Monthly Archives: October 2015

Reading Between the Lines

By Mark Hanzlik, Executive Director

Poynter is taking stock of the alt-weeklies again and with the recent sale of The Village Voice, declared the altmedia industry is sliding at a particular angle that seems to be measured only by the performance of its largest markets.

It’s hard to deny the decline across-the-board in revenue, staffing, printed pages, and readership.   That’s apparent with nearly all print products in some form or another these days.   Certainly the daily newspaper industry has taken a larger hit, as have some magazines and classified-shopper publication with aging reader base and advertisers becoming more difficult to count on.   For Altmedia though it has been a mixed bag with property sales of many larger publications taking most of the negative spotlight.   The larger altmedia properties were dealing with declining economies of scale as their ad base contracted.  Many smaller publications already operated with less resources.   As they say, the bigger you are the harder the fall.

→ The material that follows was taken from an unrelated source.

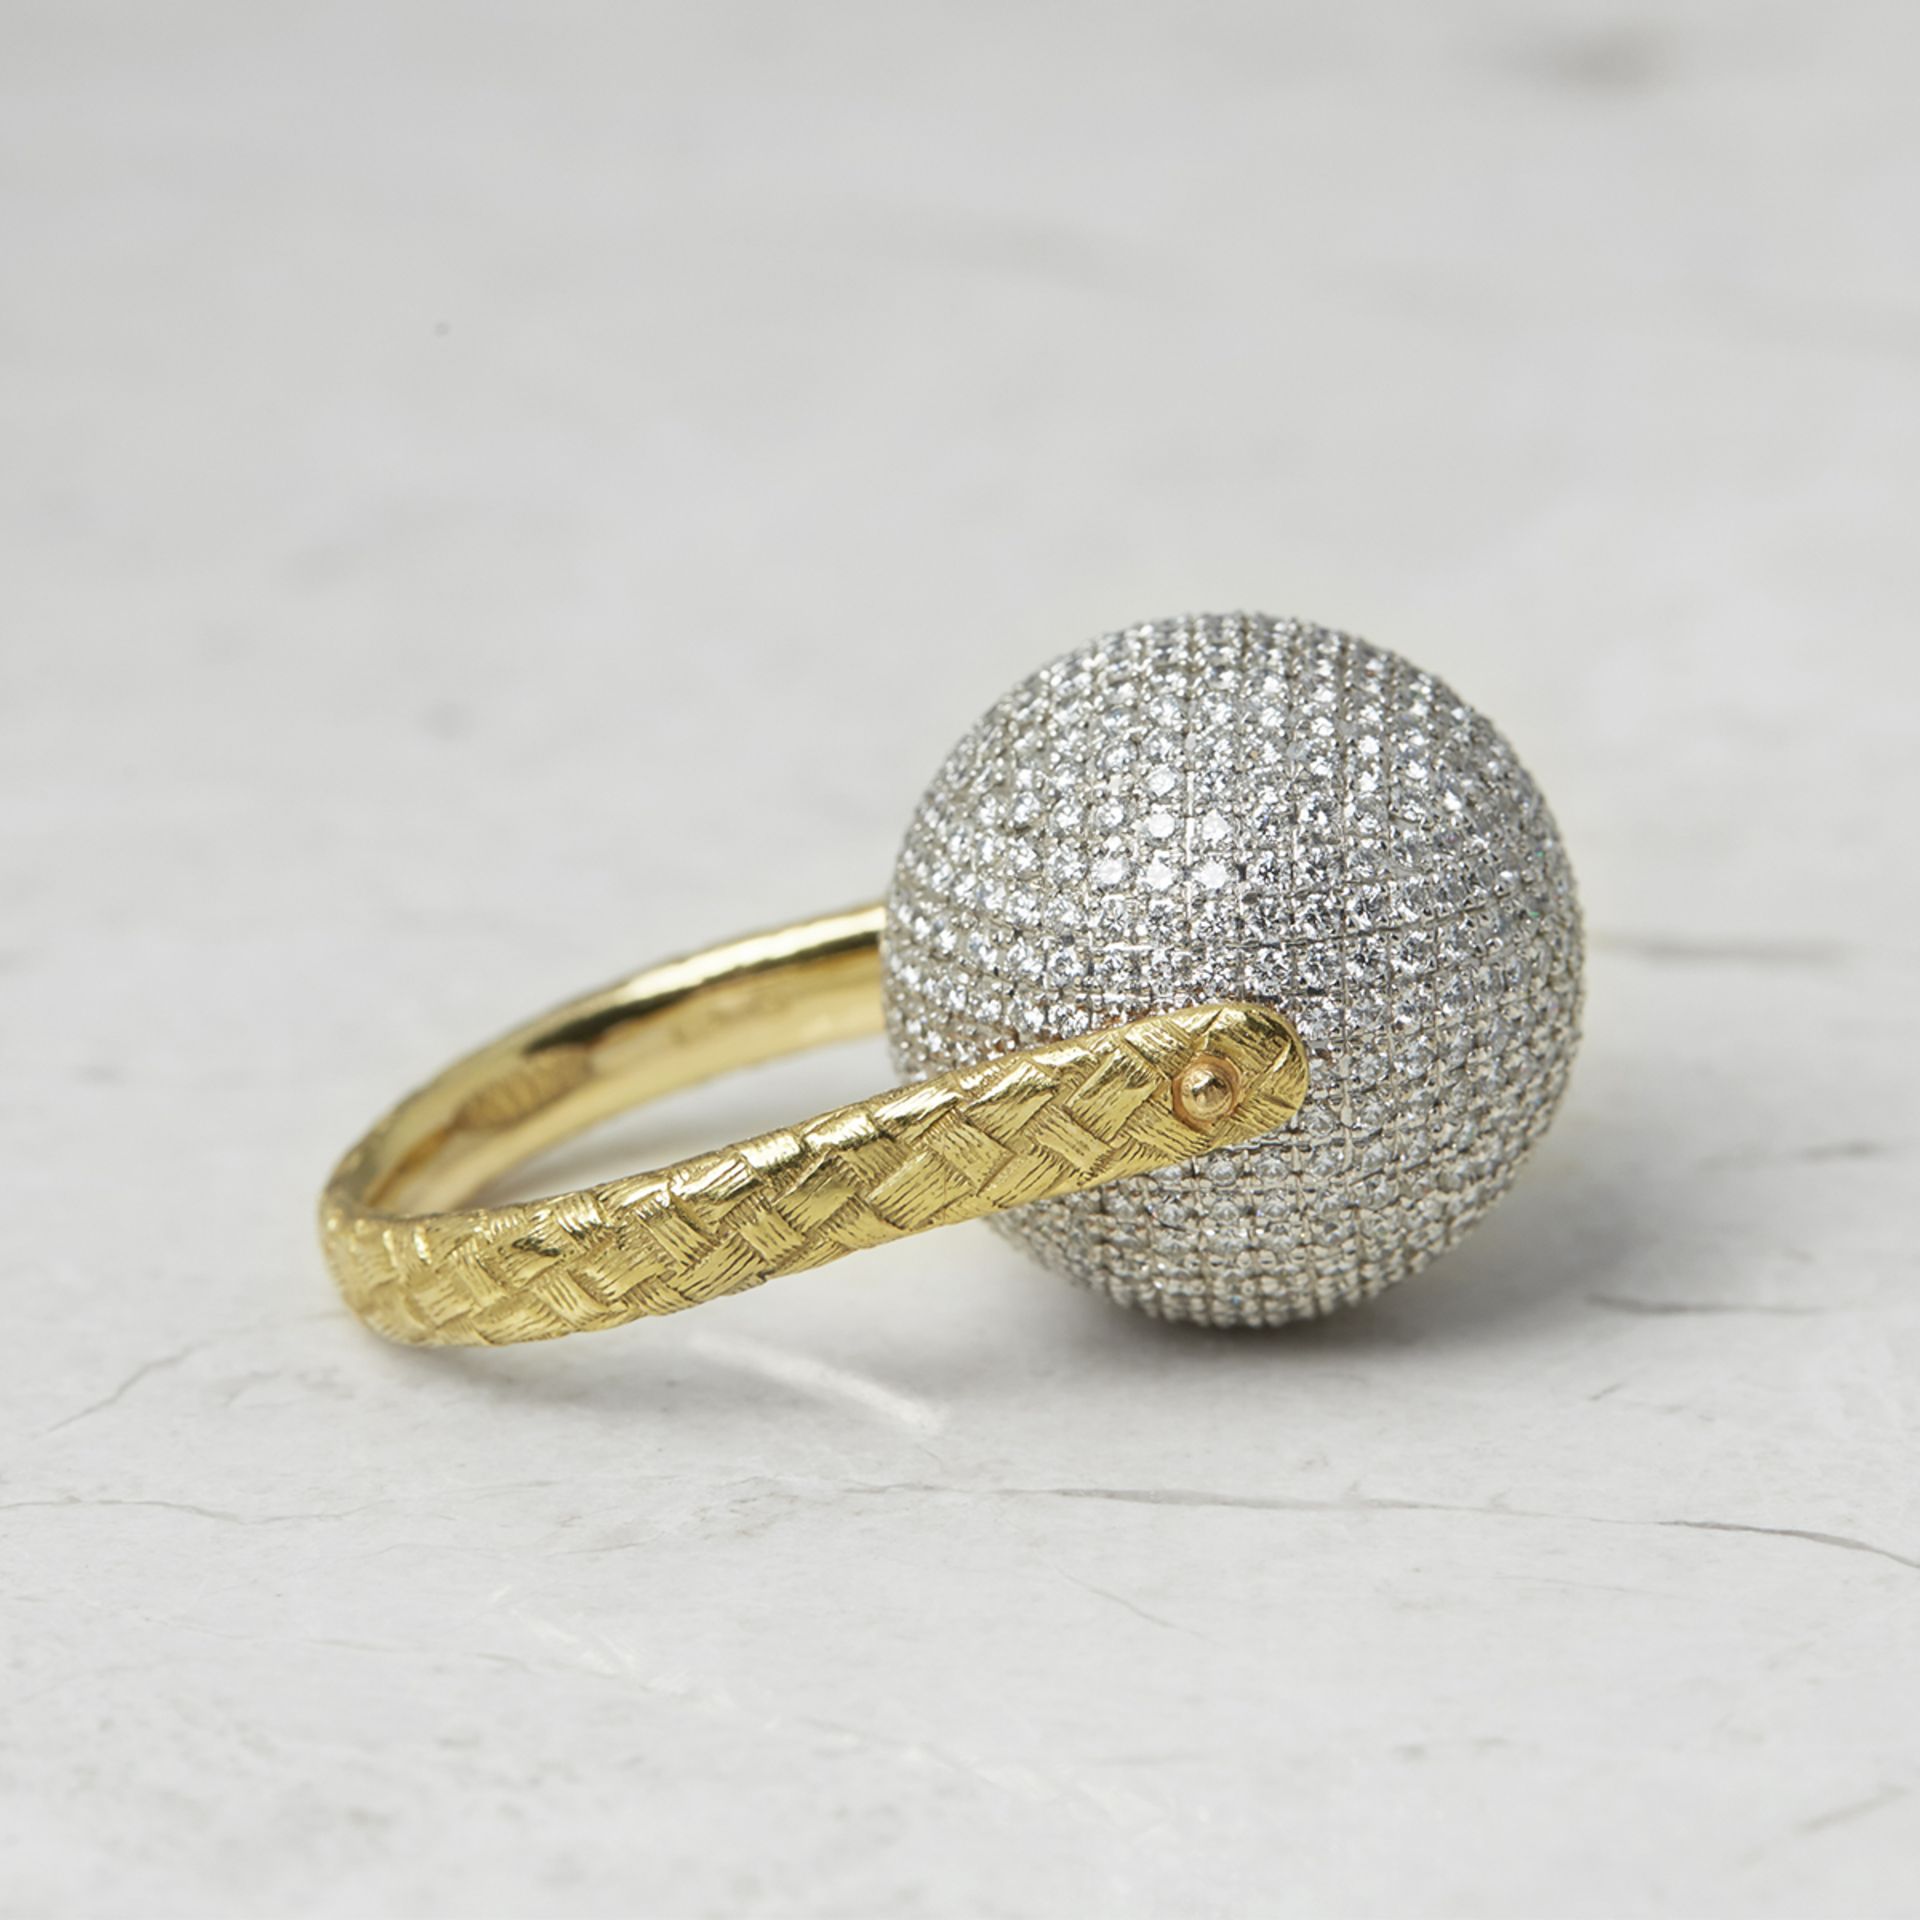 Bottega Veneta 18k Yellow & White Gold Diamond Necklace, Earrings & Ring Sfera Suite - Box & Certs - Image 4 of 21

citypaperWhile there were a lot of publications changing hands in 2015, Philadelphia City Paper was the only casualty, publishing its’ final issue a week ago.   Philly Weekly and City Paper competed for Philadelphia readers for more than 20 years in one of the closest contests within the Altmedia industry.

After the closure of Philly City Paper,  five AltMedia major markets with two competing weeklies remain publishing in the U.S.

In Portland, Willamette Week and Portland Mercury are as different as The Seattle Weekly and The Stranger are in Seattle.

Farther South, San Diego still has two weeklies providing coverage; the long-standing San Diego Reader and no-longer-an-upstart San Diego CityBeat still printing every week.

Also in the West, Las Vegas where there have been as many as five alternative publications publishing at once, Las Vegas Weekly nearly stands alone with Vegas Seven still breathing, though neither is alternative by yesterday’s standards.

Finally, Chicago still supports two venerable weeklies in their own right, The Reader and smaller yet still feisty Newcity.

Altmedia properties in mid-size and smaller markets have faired much better and particularly those bolstered by a strong college base or State Capital.   There’s plenty of good news and life left in AltMedia across the country.  The health of this industry can’t be measured in the closure of one weekly in over-crowded two paper markets or with the sale of publishing properties previously owned by Village Voice Media.